Clinton wanted to make the Israeli–Palestinian peace process a major priority in his foreign policy and so he wanted to ensure Iraq and Iran would not be in a position to interfere with that agenda. Iraq was already under containment by the US and its allies in the form of the Iraqi no-fly zones. Iran had been cut off from the US ever since the Iranian Revolution in 1979. Although Clinton held out hope for eventual changes in regime policy from those countries, containment seemed to be the only viable option for the near future.

Although the US had planned in the 1980s to balance Iraq and Iran against each other directly, that had become untenable and unnecessary by the early 1990s. Both countries had been exhausted militarily and financially from the Iran–Iraq War. Also, the Soviet Union was no longer around to be a security benefactor for either country.

Clinton tasked his national security advisor, Tony Lake, with crafting a new strategy.

==Policy vision and implementation==
===Iraq===
The Joint Chiefs of Staff favored exploring dialogue with Saddam, but US Secretary of Defense Les Aspin, the CIA, and the US State Department wanted a harder line. The State Department, however, was concerned about the possibility of a sectarian war if Saddam was overthrown. It settled on an approach that was called "aggressive containment," a strategy of containment "through sanctions and the occasional resort to force."

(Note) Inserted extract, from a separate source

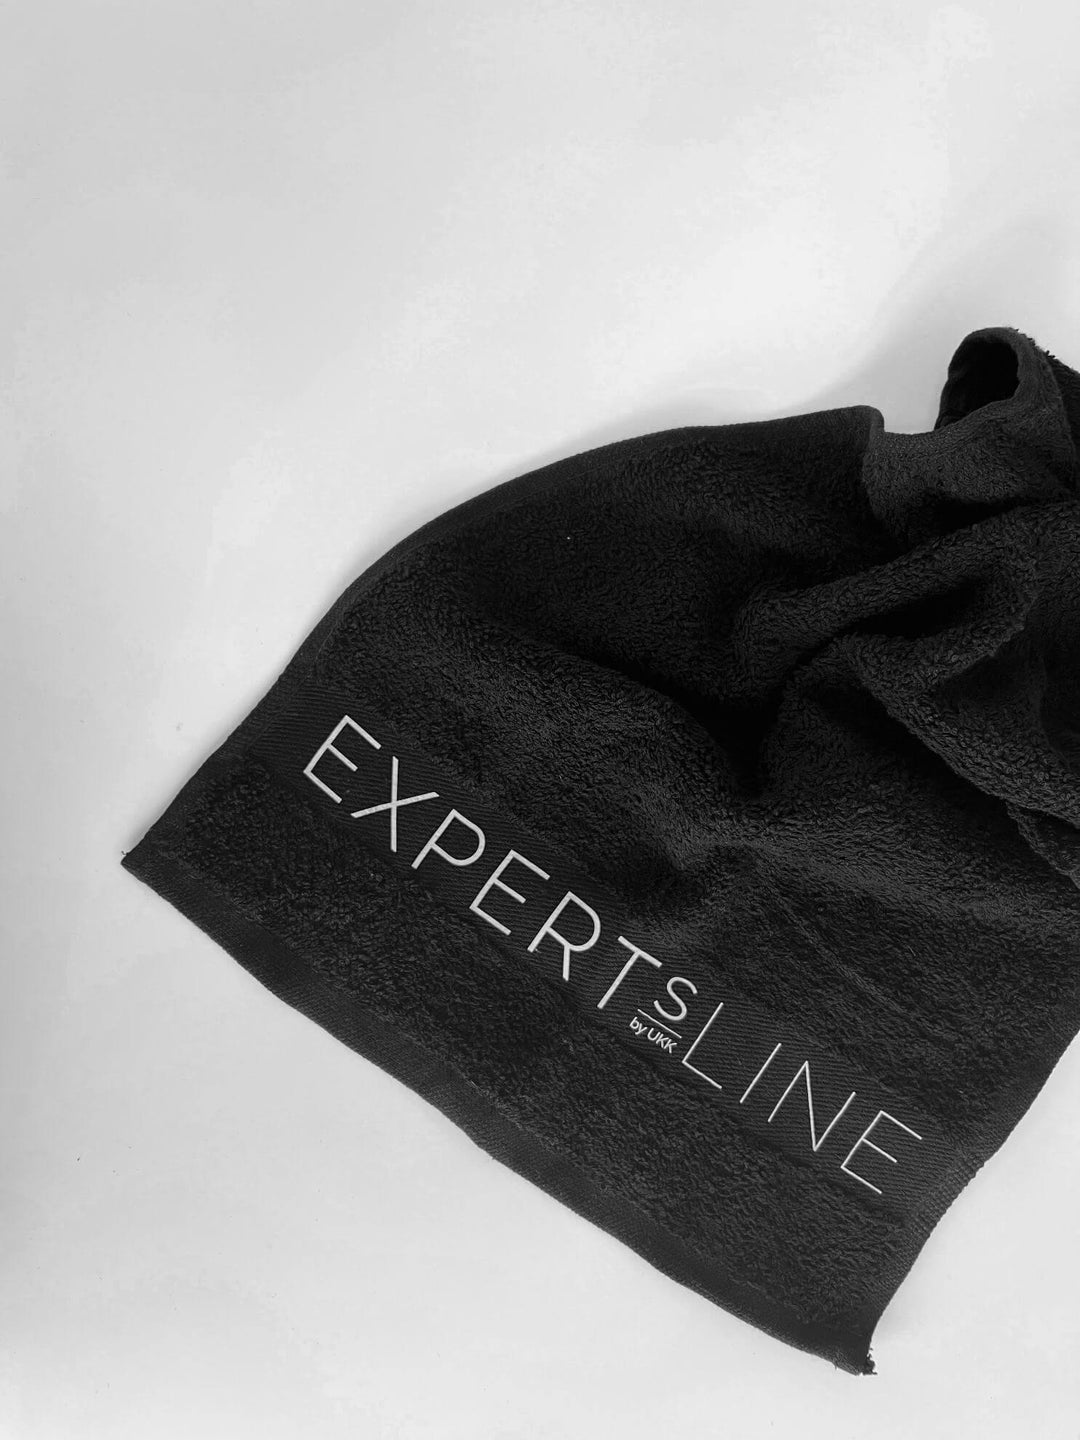 ExpertsLine guest towel

Lake rejected giving the CIA immediate authority to begin exploring options of a potential officer-led coup against Saddam. However, it was agreed that the administration would give political to support to the Iraqi National Congress and would continue the no-fly zones protecting Kurdish and Shia populations in Iraq.

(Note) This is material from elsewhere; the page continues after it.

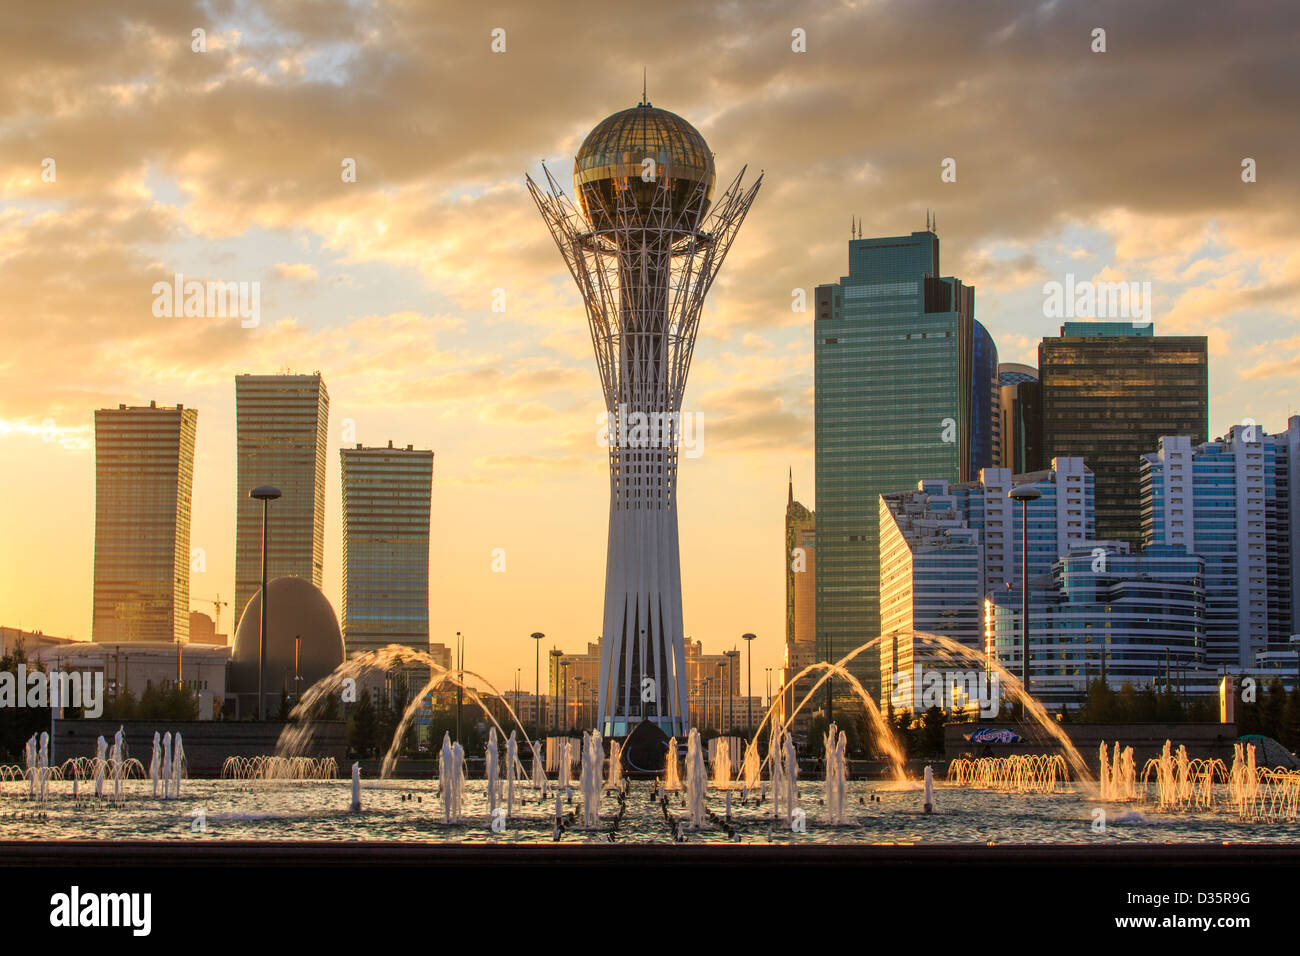 Baiterek tower, the national monument of Kazakhstan, in the nation's capital, Astana Stock Photo

The U.S. dual containment policy toward Iraq also included covert efforts to achieve regime change. Following the establishment of the northern safe haven in 1991, intended to provide humanitarian relief and stem the flow of Kurdish refugees into neighboring countries, the region became a secure base for opposition movements. The Iraqi National Congress (INC), a coalition of opposition groups, was formed and supported covertly by the CIA. This support included the provision of funds, armaments, and logistical aid to foster an insurgency that would weaken Saddam Hussein's regime and pave the way for an internal coup d'état. These efforts marked a significant tactical shift, with regime change being pursued covertly under the guise of containment.

Anthony Lake, National Security Advisor under President Clinton, later acknowledged that while containment was officially framed as upholding UN resolutions, it was, in effect, a tactical tool to achieve the broader strategic goal of regime change. The administration avoided explicitly stating this goal to maintain the coalition formed after the Gulf War, as an explicit call for regime change would have exceeded the UN mandate.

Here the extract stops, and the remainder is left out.